__Try it__:
For the records below, print the lines from the line with "JAZZ|爽やかなリラックスカフェBGMの再生済みの波形" through the line with "Outdoor Aluminium Arm Chair_01.jpg" exactly as written; include both end lines and exclude the rest.
*** Task inputs ***
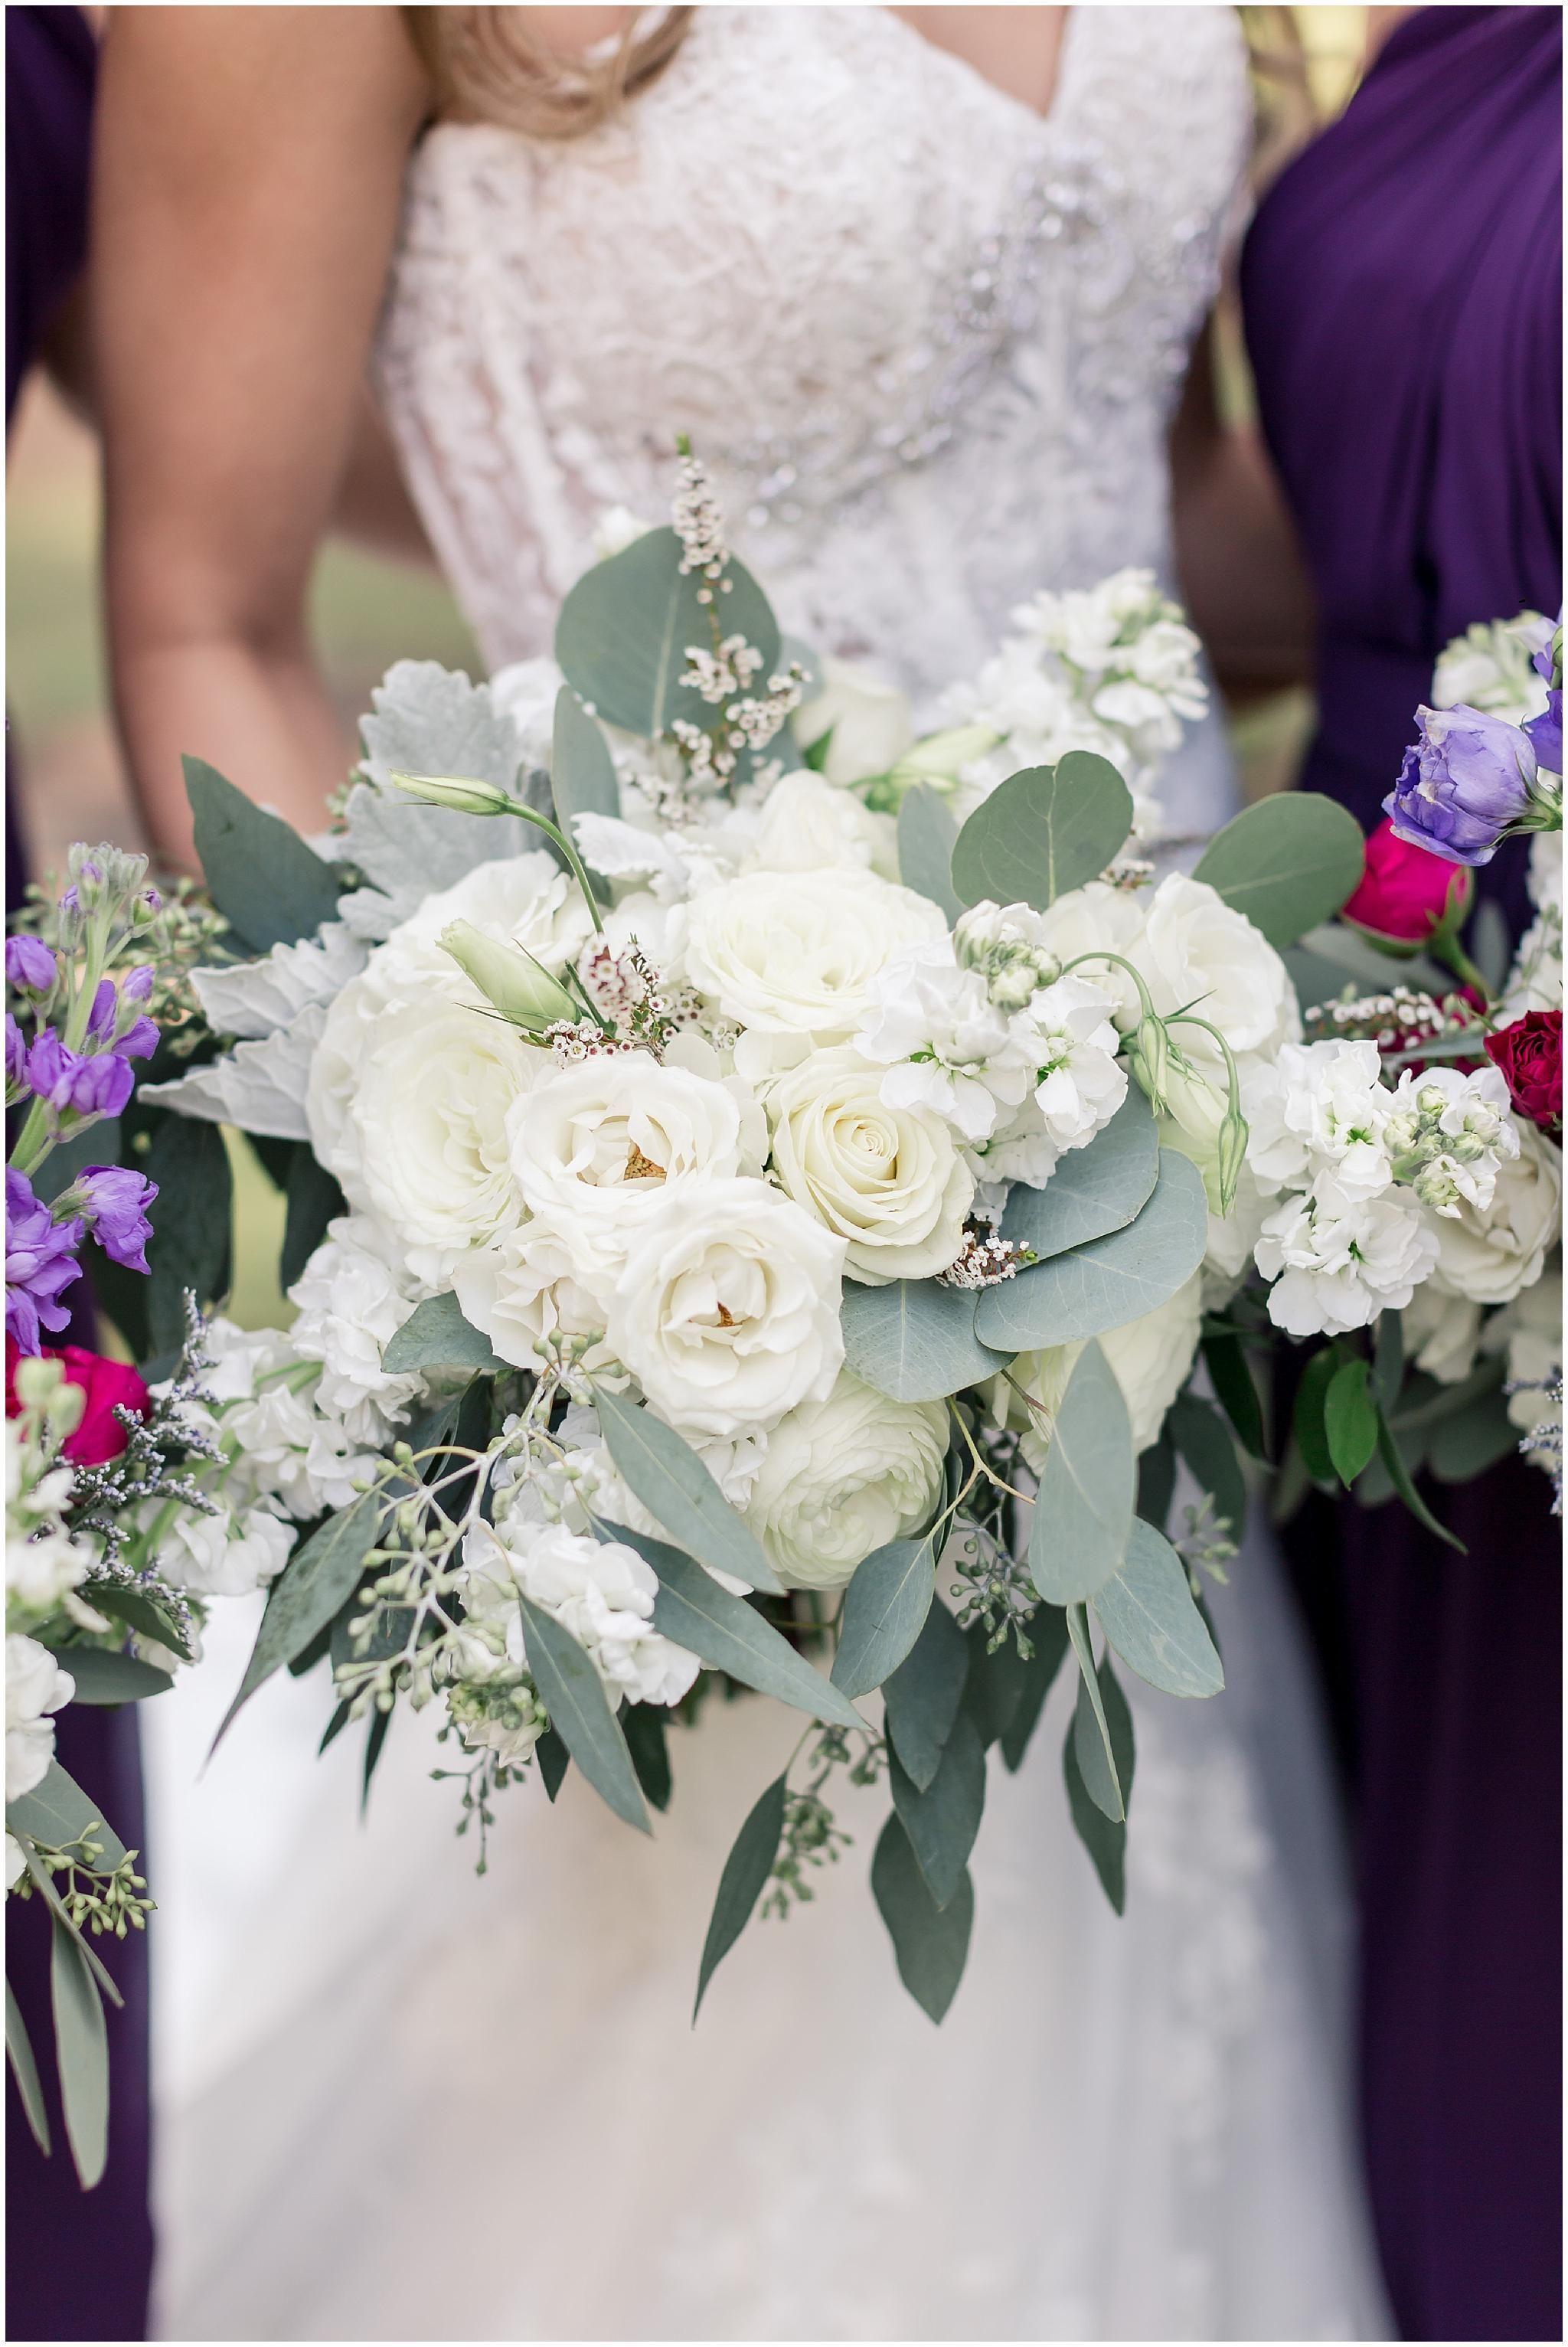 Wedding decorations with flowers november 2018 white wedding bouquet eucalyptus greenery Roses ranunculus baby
*** End of Task inputs ***
*** Task inputs ***
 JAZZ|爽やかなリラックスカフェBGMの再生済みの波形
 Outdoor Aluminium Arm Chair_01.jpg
*** End of Task inputs ***
__Response to this exercise__:
 JAZZ|爽やかなリラックスカフェBGMの再生済みの波形
 Outdoor Aluminium Arm Chair_01.jpg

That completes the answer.